Exactly as they appear below, repeat the lines from the one with "THE GREATNESS MACHINE" through the one with "Felco 2 - 3", and no others.

▶ [Records provided]
=== Section Start ===
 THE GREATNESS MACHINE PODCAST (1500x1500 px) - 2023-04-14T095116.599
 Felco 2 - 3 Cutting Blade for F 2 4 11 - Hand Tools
=== Section End ===
=== Section Start ===
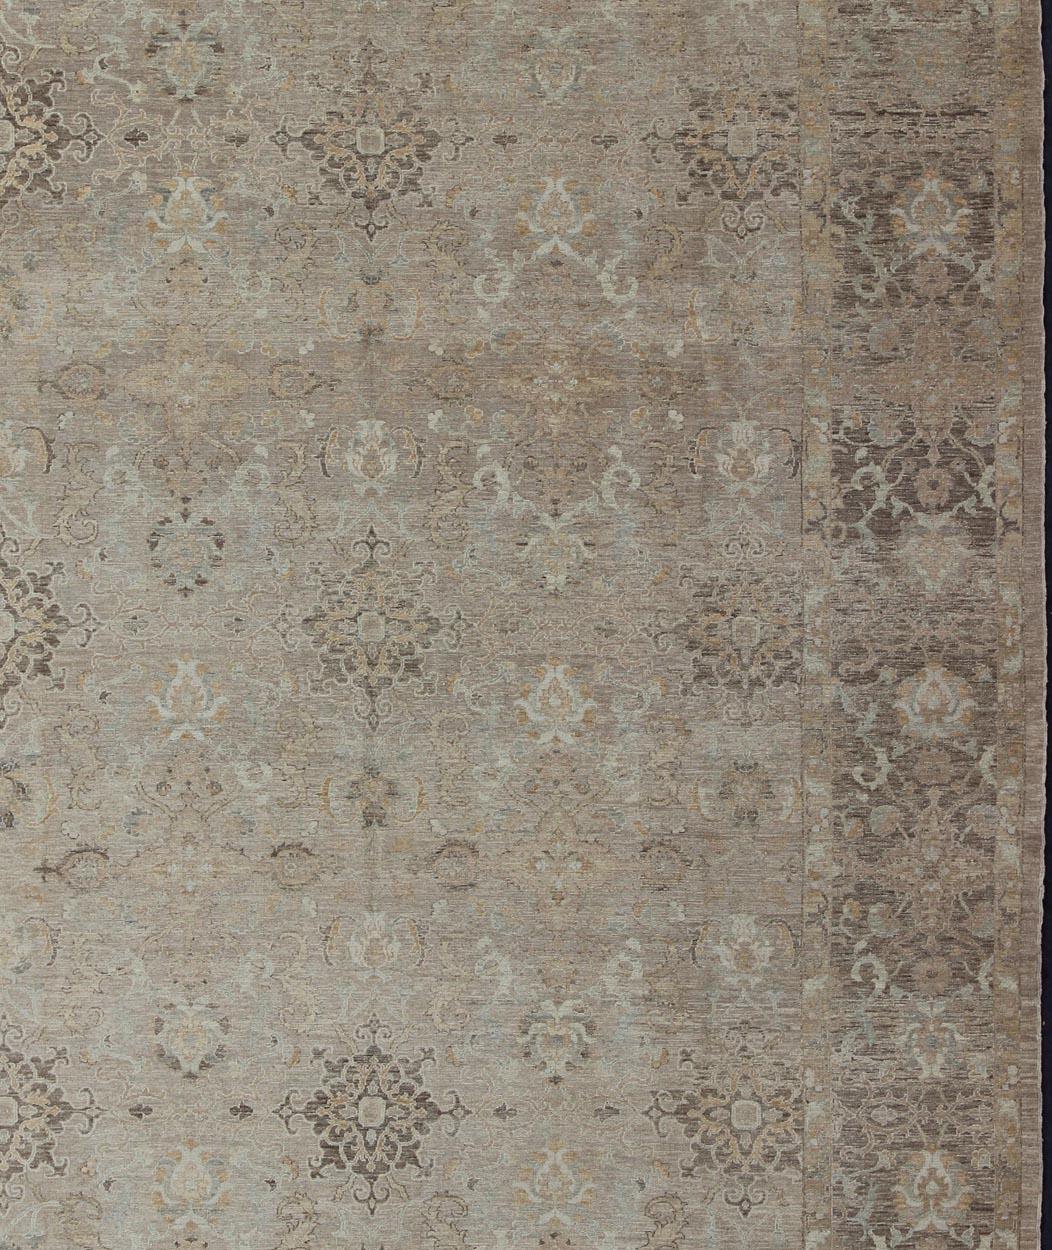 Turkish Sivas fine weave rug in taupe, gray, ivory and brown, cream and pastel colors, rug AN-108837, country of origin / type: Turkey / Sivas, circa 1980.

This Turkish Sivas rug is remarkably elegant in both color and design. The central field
=== Section End ===
=== Section Start ===
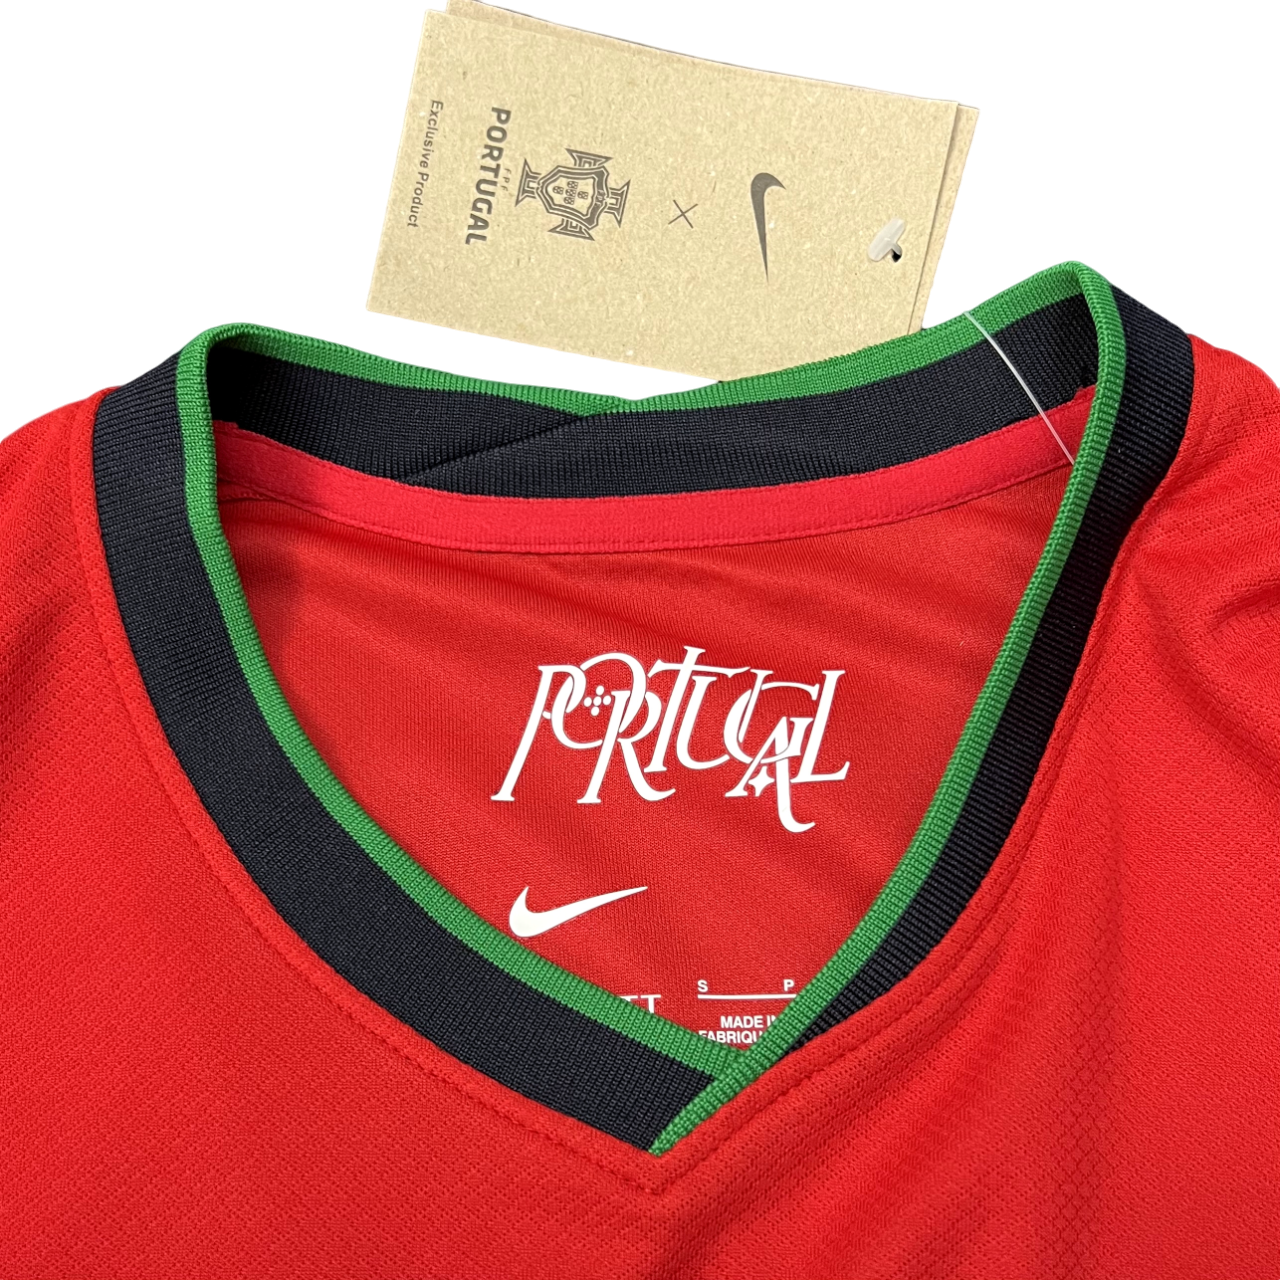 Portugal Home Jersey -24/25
=== Section End ===
▶ [Reply]
 THE GREATNESS MACHINE PODCAST (1500x1500 px) - 2023-04-14T095116.599
 Felco 2 - 3 Cutting Blade for F 2 4 11 - Hand Tools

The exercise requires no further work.